Dawn French hears that her friend Ben Elton’s first play is going to open at the West End in London and is desperate for a role. When they next meet, he tells her, “I want to ask you to play the lead...” French is over the moon, thanking him profusely, promising she won’t let him down. A bemused Elton replies, “I want to ask HUGH. Hugh Laurie.” Elton does end up writing a play for French. It is called Silly Cow. This is a classic example of the kind of excruciatingly funny anecdotes that Dawn tells about her stuff-ups over the years and what they have taught her about herself. Story after laugh-out-loud story in this wise, exuberant and therapeutic book shows that realising you’ve been a twat and not being afraid to admit it can be utterly liberating. She urges us to start allowing our own mistakes to amuse us. “I promise you,” she writes, “there is abundant joy to be found in our flaws.”

Zero Risk
Tony Loughran
Echo Publishing, $34.99

As a boy growing up in Liverpool, Tony Loughran longed for his father’s approval. Determined to prove himself, he channelled his fascination with danger into his work as a medic in the navy, as a commando and as safety and security advisor for the BBC working to protect journalists, especially in war zones.

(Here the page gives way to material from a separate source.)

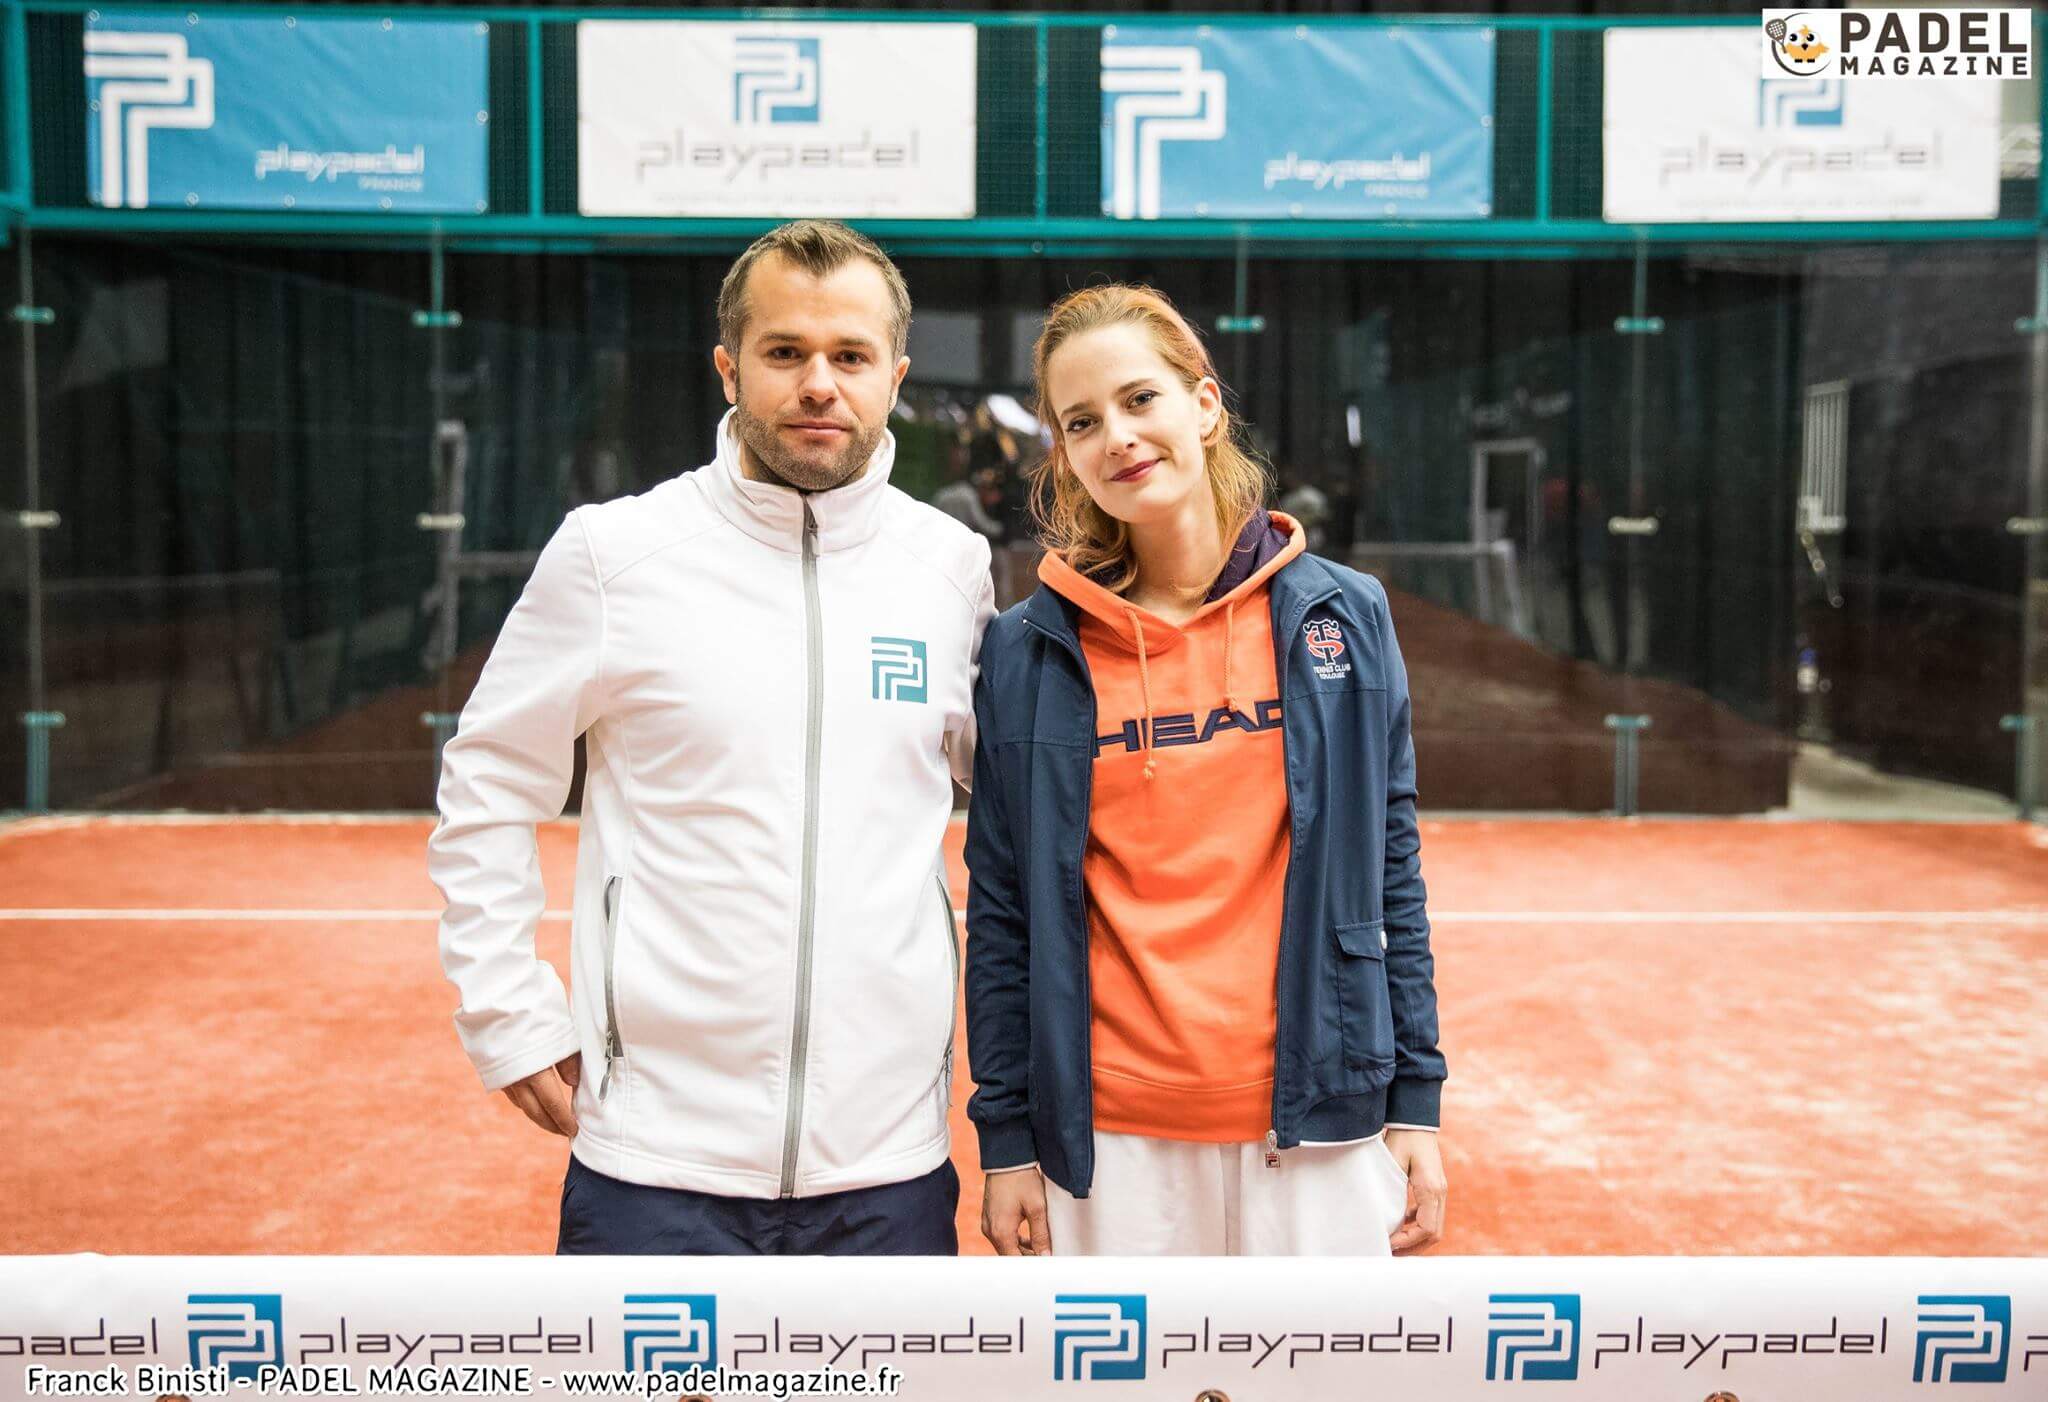 Olympic France invests the padel

While his attraction to risk and later, his desire to manage it, made for a high-octane existence, it also came at a cost. As he acknowledges in this briskly told, action-packed memoir, risks also provided him with “a way out of difficult personal situations – better a flight to Bangladesh or Afghanistan than facing a tough discussion with your partner.” There is no such thing as zero risk, which makes the title of this book somewhat ironic. Yet it signals Loughran’s drive to minimise it as much as possible and to raise the bar on how much risk is considered acceptable.